Pero no olvidar quién eres.
Mis labios se separaron cuando su pulgar trazó la curva de mi labio inferior, y me incliné hacia su toque sin darme cuenta.
Todo—la política, el caos, la sangre en mis manos—se desvaneció un poco.
Todo en lo que podía pensar era en el peso de su mirada y la suave tensión vibrando entre nosotros.
—No te merezco —No sé cuándo lo susurré, mi rostro acalorándose.
Esa solía ser su frase, pero sin embargo aquí estamos…
Inclinó la cabeza, esos ojos plateados oscureciéndose con algo más profundo—algo peligroso y tierno a la vez.
—Mereces mucho más —dijo—.
Pero esta noche, soy todo tuyo.
Apenas tuve tiempo de jadear antes de que sus labios reclamaran los míos.
Agité mis párpados con vacilación antes de ceder lentamente, mis manos recorriendo su pecho cincelado y bajando despacio.
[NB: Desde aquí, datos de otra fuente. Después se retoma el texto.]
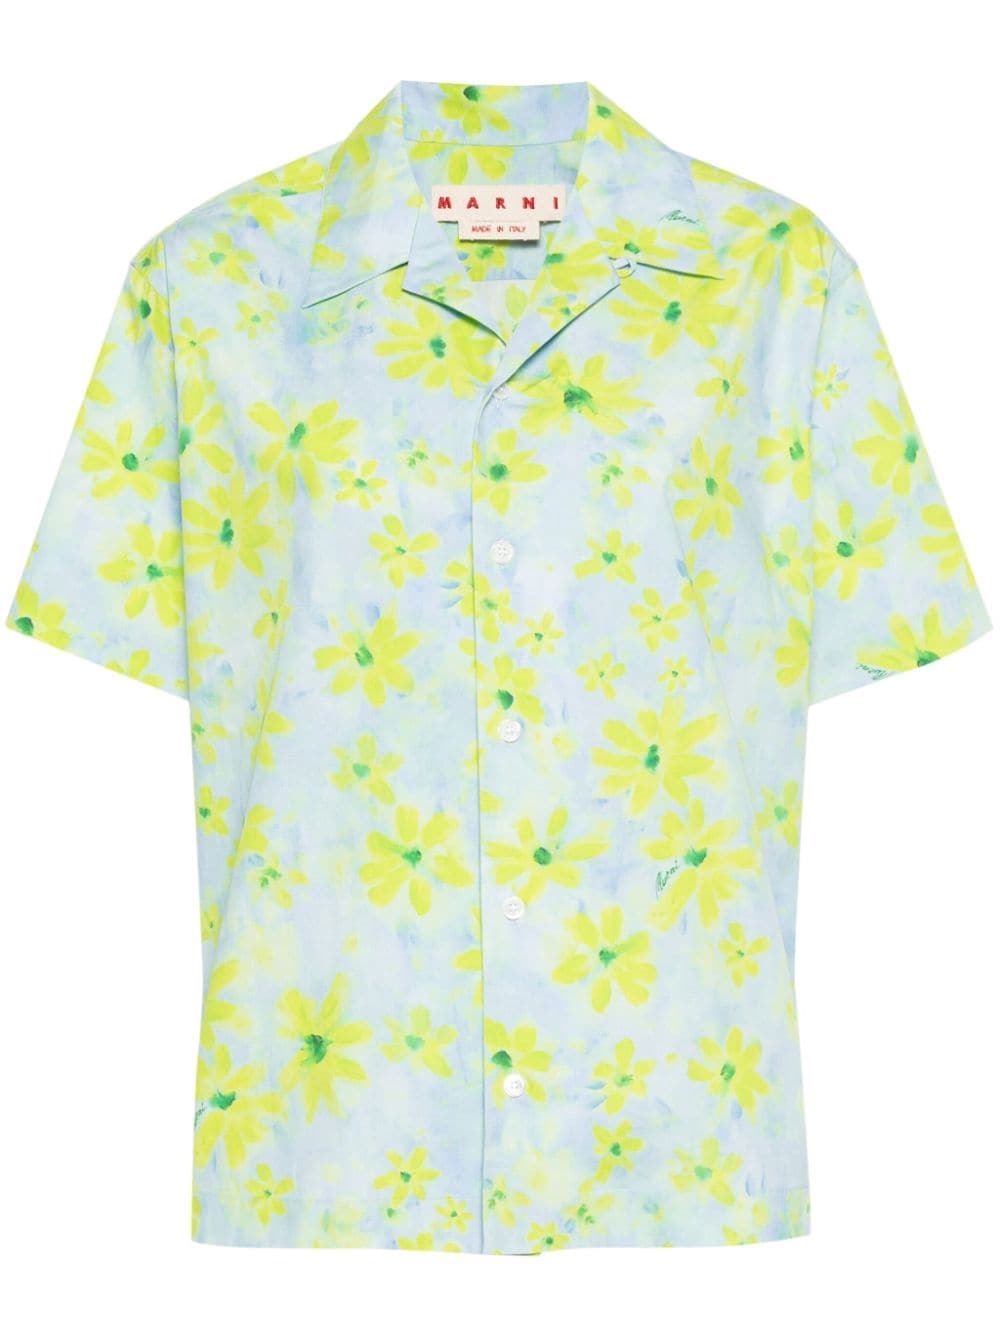 Marni floral-print shirt - Blue von Marni

Dejó escapar un suave gemido en mis labios antes de apartarse brevemente, mirándome a los ojos con una intensidad que hizo temblar mi cuerpo.
—¿Qué quieres?
¿Ahora mismo?
—preguntó con voz suave, pero era difícil pensar cuando podía sentir su miembro endureciéndose y presionando contra mi cuerpo.
Tragué saliva, luchando por respirar mientras hablaba—.
Yo…
quiero olvidar todos nuestros problemas.
Solo por un rato.
Me miró un segundo más antes de sonreír con picardía, su agarre en mi espalda apretándose ligeramente, provocando que un pequeño jadeo escapara de mis labios.
—Tus deseos son órdenes —susurró con voz ronca antes de reclamar mis labios nuevamente, esta vez en un beso feroz que me obligó a envolver mis brazos alrededor de su cuello para mantenerme en pie mientras el viento nocturno nos azotaba en el balcón.